Similarly, it should be noted that in the preceding description of embodiments of the application, various features are sometimes grouped together in a single embodiment, figure, or description thereof for the purpose of streamlining the disclosure aiding in the understanding of one or more of the embodiments. This method of disclosure, however, is not intended to require more features than are expressly recited in the claims. Indeed, the embodiments may be characterized as having less than all of the features of a single embodiment disclosed above.

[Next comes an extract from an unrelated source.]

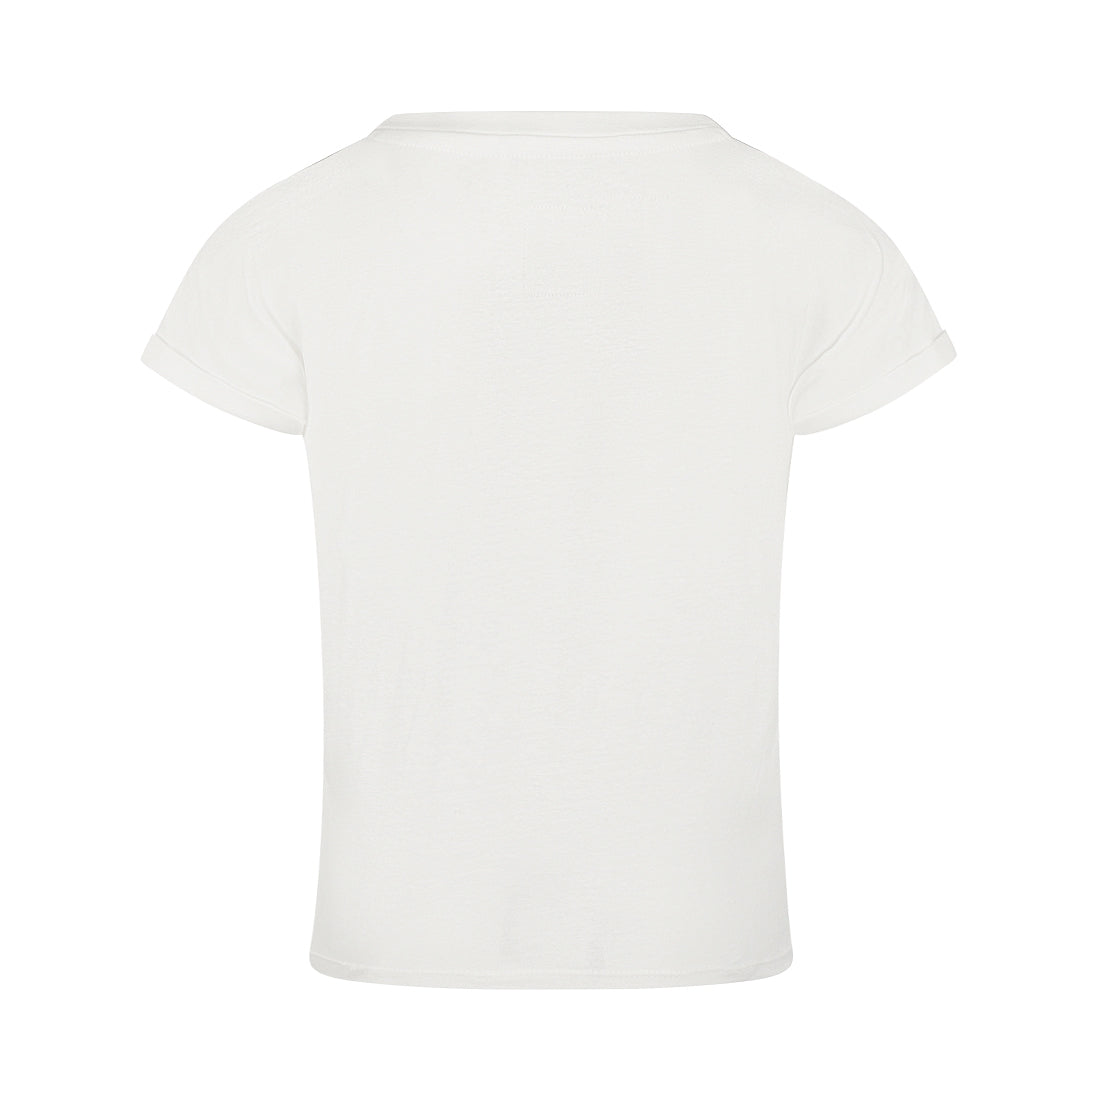 Meisjes T-shirt ss van Koko Noko in de kleur  Off white in maat 128.

Numerals describing the number of components, attributes, etc. are used in some embodiments, it being understood that such numerals used in the description of the embodiments are modified in some instances by the use of the modifier "about", "approximately" or "substantially". Unless otherwise indicated, "about", "approximately" or "substantially" indicates that the numbers allow for adaptive variation. Accordingly, in some embodiments, the numerical parameters used in the specification and claims are approximations that may vary depending upon the desired properties of the individual embodiments. In some embodiments, the numerical parameter should take into account the specified significant digits and employ a general digit preserving approach. Notwithstanding that the numerical ranges and parameters setting forth the broad scope of the range are approximations, in the specific examples, such numerical values are set forth as precisely as possible within the scope of the application.
The entire contents of each patent, patent application publication, and other material cited in this application, such as articles, books, specifications, publications, documents, and the like, are hereby incorporated by reference into this application. Except where the application is filed in a manner inconsistent or contrary to the present disclosure, and except where the claim is filed in its broadest scope (whether present or later appended to the application) as well. It is noted that the descriptions, definitions and/or use of terms in this application shall control if they are inconsistent or contrary to the statements and/or uses of the present application in the material attached to this application.
Finally, it should be understood that the embodiments described herein are merely illustrative of the principles of the embodiments of the present application. Other variations are also possible within the scope of the present application. Thus, by way of example, and not limitation, alternative configurations of the embodiments of the present application can be viewed as being consistent with the teachings of the present application. Accordingly, the embodiments of the present application are not limited to only those embodiments explicitly described and depicted herein.
Claims (10)
1. A big data-based intrusion protection data processing method is applied to a big data server, and the method comprises the following steps:
obtaining a target behavior description; constructing first reference interactive behavior data corresponding to the target behavior description; screening out a data fragment queue of the cloud reference interactive behavior of which the operating behavior habit characteristics are matched with the operating behavior habit characteristics of the first reference interactive behavior data from a cloud reference interactive behavior database;
searching a data fragment queue of the local reference interactive behavior corresponding to the data fragment queue of the cloud reference interactive behavior in a local reference interactive behavior database; according to the operation behavior habit characteristics of the data fragment queue of the local reference interactive behavior, second reference interactive behavior data corresponding to the target behavior description is constructed;
determining a local reference interactive behavior data segment matched with the service interactive demand characteristic corresponding to the second reference interactive behavior data from the local reference interactive behavior database; fusing intrusion protection behavior data segments corresponding to the local reference interaction behavior data segments in an intrusion protection interaction behavior database to obtain target intrusion protection interaction behavior data; the behavior description contents of the local reference interactive behavior database, the cloud reference interactive behavior database and the intrusion protection interactive behavior database are the same, and the intrusion protection interactive behavior database is matched with the operation behavior habit characteristics of the local reference interactive behavior database.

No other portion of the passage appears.